Gourmet Your Holiday with Chef J - www.ghettogourmetcuisine.com!
Questions? #AskChefJ —Chef J
- 1 cup Water
- 1/2 cup (1 stick) Unsalted Butter
- 1 teaspoon Sugar
- 1 pinch Salt
- 1 cup Sifted All-Purpose Flour
- 1 teaspoon Baking Powder
- 3 Large Eggs
- Preheat the oven to 400 degrees F. Line 2 baking sheets with parchment paper.
- To make the pate a choux: In a heavy-bottomed saucepan, bring the water, butter, sugar, and salt to a gentle boil over medium-high heat, stirring to melt the butter completely.
- Add all the flour and baking powder at once and continue to stir until all the flour is incorporated and the dough becomes a mass that pulls away from the sides of the pot.
- Remove from the heat and scrape the dough into a mixing bowl.
- Using a standing or hand-held mixer, beat the dough on medium speed to cool it off a bit.

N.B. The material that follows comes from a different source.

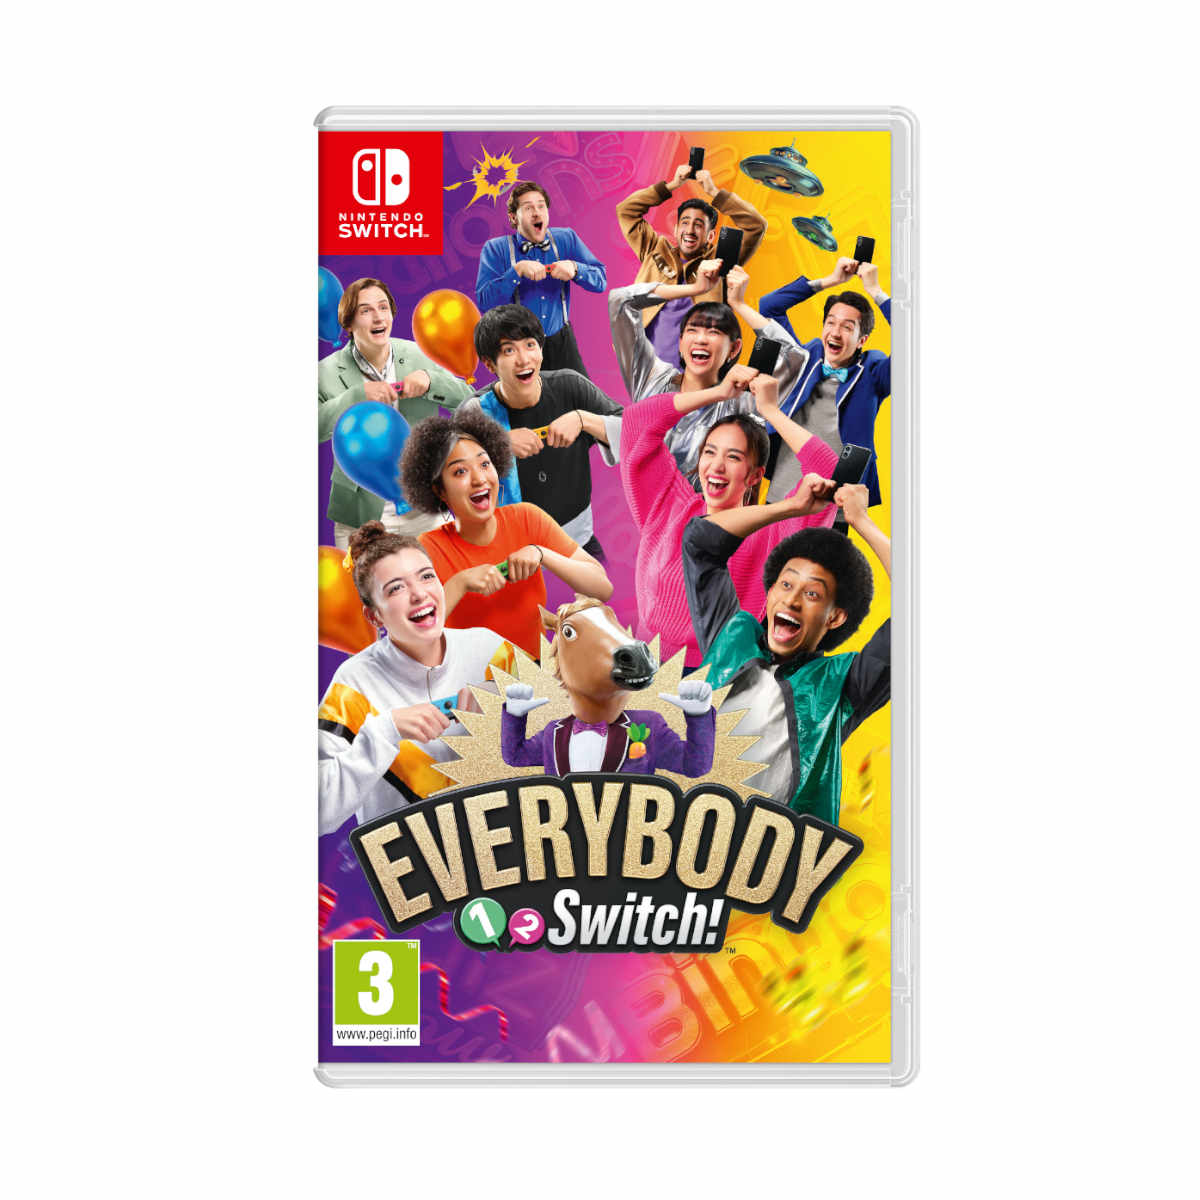 Grab your phones and join the fun in Everybody 1-2 Switch
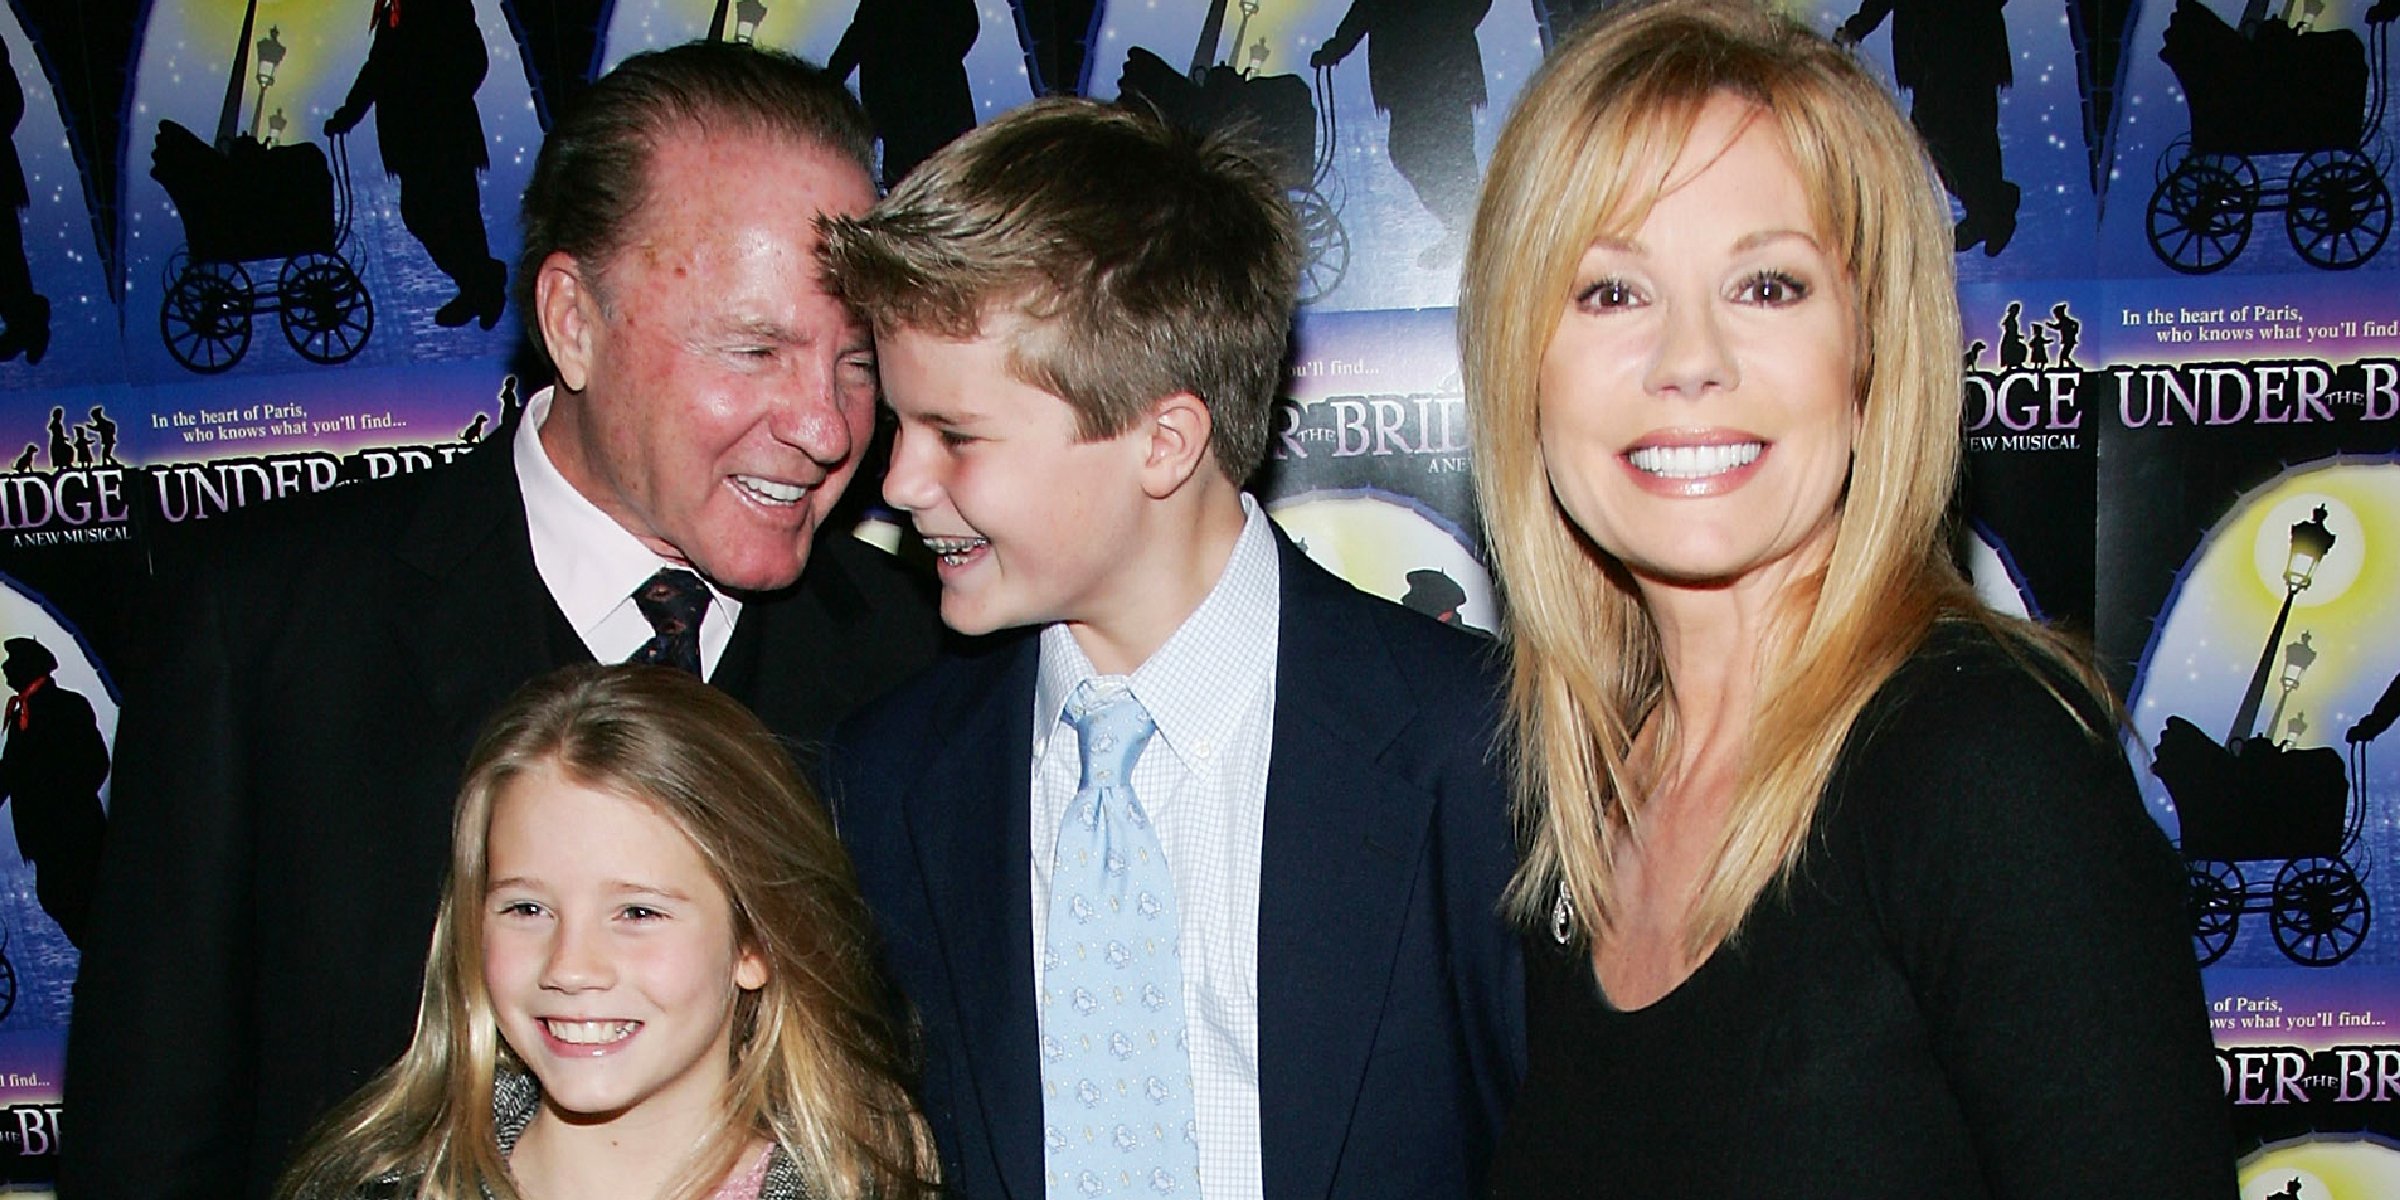 Frank Gifford, Cody Gifford, Cassidy Gifford, and Kathie Gifford | Source: Getty Images

- Add the eggs, one-at-a-time, stopping to scrape down the sides of the bowl periodically.
- When all eggs have been incorporated, the dough should be a thick, smooth, and glossy paste.
- Form 24 golf ball-size mounds on the lined baking sheet about 2-inches apart allowing room for them to spread; keep the mounds as high and round as possible.
- You can use a pastry bag fitted with a star tip or a large spoon, your choice.
- Place the pans in the oven and bake for 10 minutes.
- Reduce the heat to 350 degrees F. and continue to cook for 25 minutes.
- Do not open the oven door or remove the pans from the oven until the puffs are firm to the touch.
- The profiteroles should be golden brown and well-risen.
- Allow the shells to cool before filling.
- Using a serrated knife, slice the top off the pastry puffs and remove a little of the soft middle and stuff with mousse.
Smoked Salmon Mousse
- 4 ounces Smoked Salmon
- 2 tablespoons Heavy Cream
- 1 8 Ounce Package of Cream Cheese, Softened
- 1/2 Lemon, Juiced
- 1/2 teaspoon Dried Dill Weed to taste
- Salt & Pepper to taste
- Ground Cumin to taste
- Place smoked salmon in a blender or food processor, and blend until smooth.
- Mix in heavy cream, cream cheese, juice of half of a lemon, dried dill weed, salt and pepper, and cumin.
- Blend to desired consistency and begin stuffing the profiteroles.